More fund execs look at ESG investing as logical extension of their missions


NEPC’s Catherine Konicki

Many foundations are carving out a portion of their portfolios for ESG and impact investing.

“There continues to be, especially with foundations, interest in doing impact investing. Whether that’s finding more managers or investing more in line with the mission of the foundation, it has been a growth area,” said Catherine Konicki, partner at NEPC LLC.

The consultant is seeing interest from “foundations that never thought of it before, and foundations of all sizes.”

Now, when the firm does manager due diligence, “we are always asking them, what are they doing with ESG? A lot more managers are incorporating into their strategies,” she said.

For foundations, “the questions are really evolving into how we think about it as a total organization rather than just the portfolio,” said Deborah Spalding, Commonfund deputy chief investment officer and managing director.

At the investment committee level, “one of the most difficult steps is to define what is impact investing. There’s still a range of opinions. What you are starting to see now is a much broader conversation among trustees,” said Ms. Spalding.

Matt Onek, president and CEO of Mission Investors Exchange, a New York-based impact investing network for foundations, said:”Developing the tools to measure impact is now a priority. A lot of people are working on it,” said

ESG investing “without a doubt will continue to be a trend,” said Lawrence Kochard, chief investment officer and a managing director at Makena Capital Management LLC. “The good news is that (with) the characteristics that underlie ESG in terms of thinking of a long-term owner, there’s a lot of alignment.”

Mission Investors Exchange’s 250 members range from the $39.9 billion Bill & Melinda Gates Foundation in Seattle, to some of the smallest, and “there is no foundation CIO that isn’t considering impact investing. All foundations are going to have to consider how to utilize impact investing in their portfolio,” said Mr. Onek.

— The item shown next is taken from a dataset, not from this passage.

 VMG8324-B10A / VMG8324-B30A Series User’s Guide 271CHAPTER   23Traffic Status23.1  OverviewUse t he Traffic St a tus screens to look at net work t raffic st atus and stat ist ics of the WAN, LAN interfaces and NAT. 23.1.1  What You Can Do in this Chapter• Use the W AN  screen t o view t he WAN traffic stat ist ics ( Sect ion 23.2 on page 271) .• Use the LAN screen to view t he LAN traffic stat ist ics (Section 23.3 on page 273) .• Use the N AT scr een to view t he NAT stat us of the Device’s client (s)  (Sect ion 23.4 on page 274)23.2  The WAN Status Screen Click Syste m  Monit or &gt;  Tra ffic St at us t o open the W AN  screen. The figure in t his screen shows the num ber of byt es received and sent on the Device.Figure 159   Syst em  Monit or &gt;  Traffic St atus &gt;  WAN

“More and more of the tech billionaires are interested in impact investing from day one,” said Mr. Onek. “It is also generational. As millennials become members of the boards, they are more interested. As there is turnover and the new generation prepares, demand will grow. This is a movement that’s here to stay,” Mr. Onek said.

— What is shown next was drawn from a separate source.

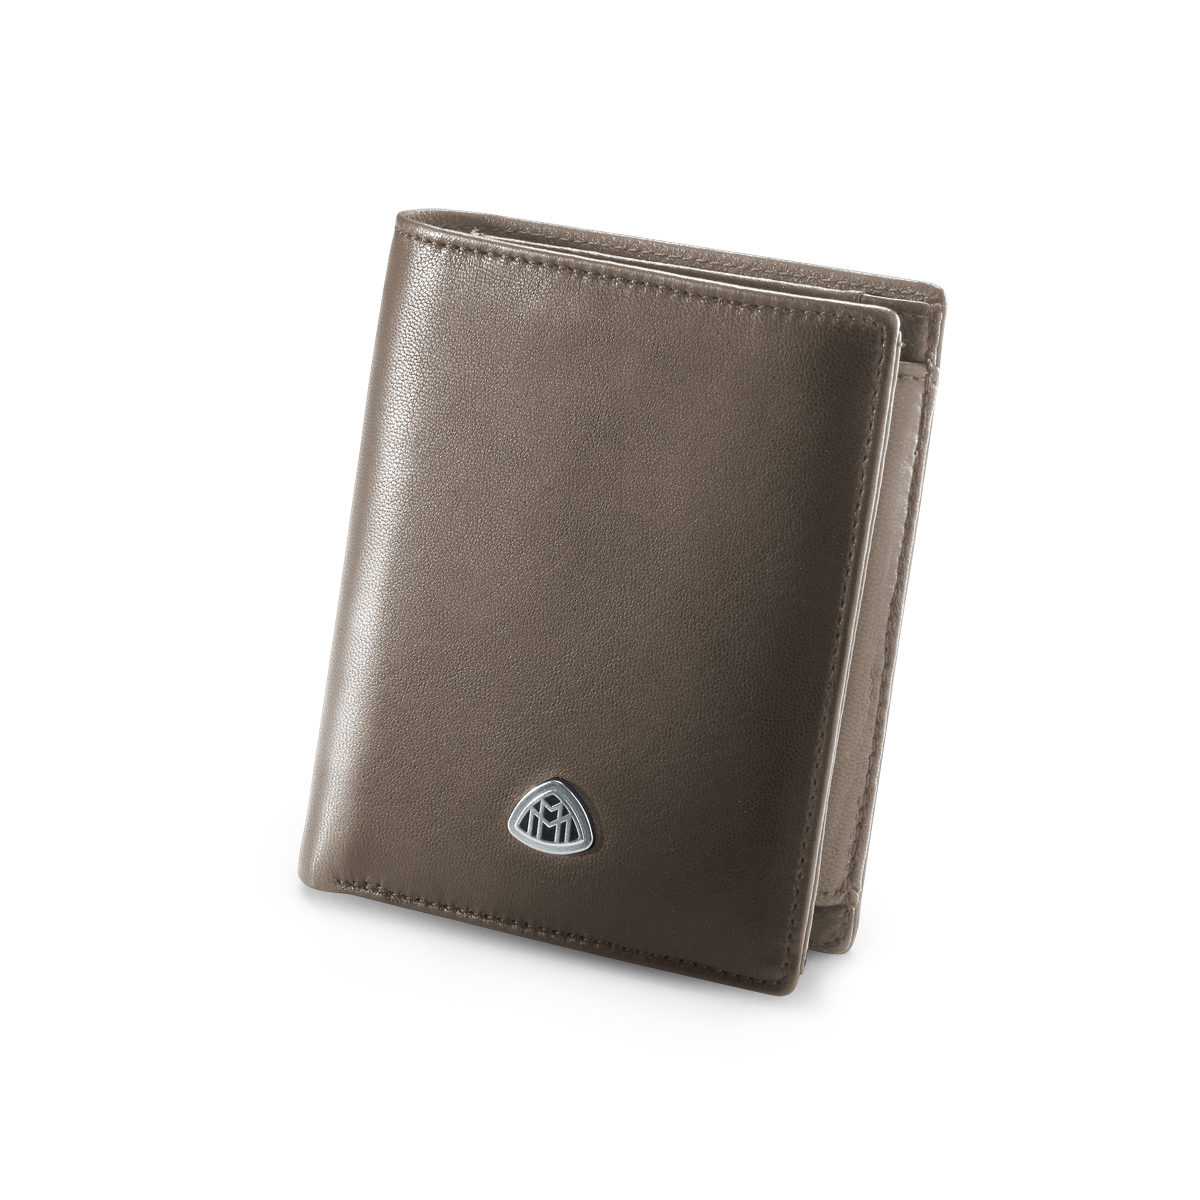 OPTIC HOUSE_MAYBACH Boutique 60 THE TREASURER II Wallet medium nut brown_1

“What’s exciting about impact investing is you can use a range of investments and tools. There is huge diversity in types of investments. You could have a cash position, all the way to public equities, to private equity,” he said.

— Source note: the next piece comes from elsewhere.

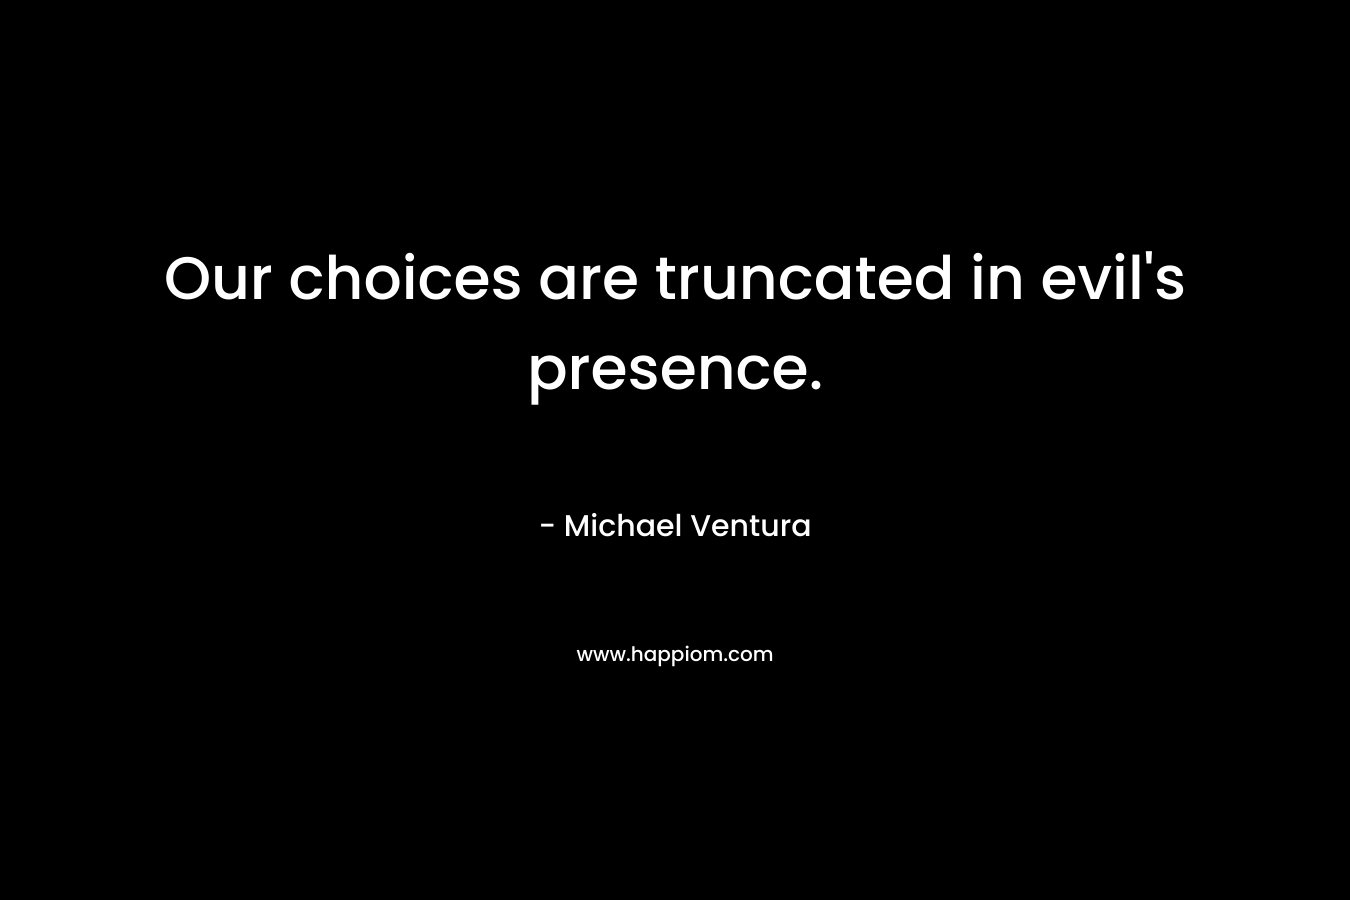 Our choices are truncated in evil's presence.

His organization is seeing more positive ESG screening, instead of negative screening for things foundation officials know they don’t like or see investment risk from, such as tobacco, guns or private prisons.

His members “are focused on deep impact in communities and markets they care about it.” For U.S. foundations, there is a lot of interest in place-based initiatives, with intentional collaborations in places like Detroit and New Orleans, where foundations partner with other anchor investors and large foundations, he said. Mr. Onek pointed to Benefit Chicago, a collaboration among The Chicago Community Trust, the $5.3 billion John D. and Catherine T. MacArthur Foundation and Calvert Foundation aimed at mobilizing $100 million in impact investments for the city’s non-profits and social enterprises.

“Foundations continue to look for new opportunities, and many are very active in creating product,” such as new funds or partnering with other non-foundation investors. “That’s the extra work that foundations are doing,” Mr. Onek said.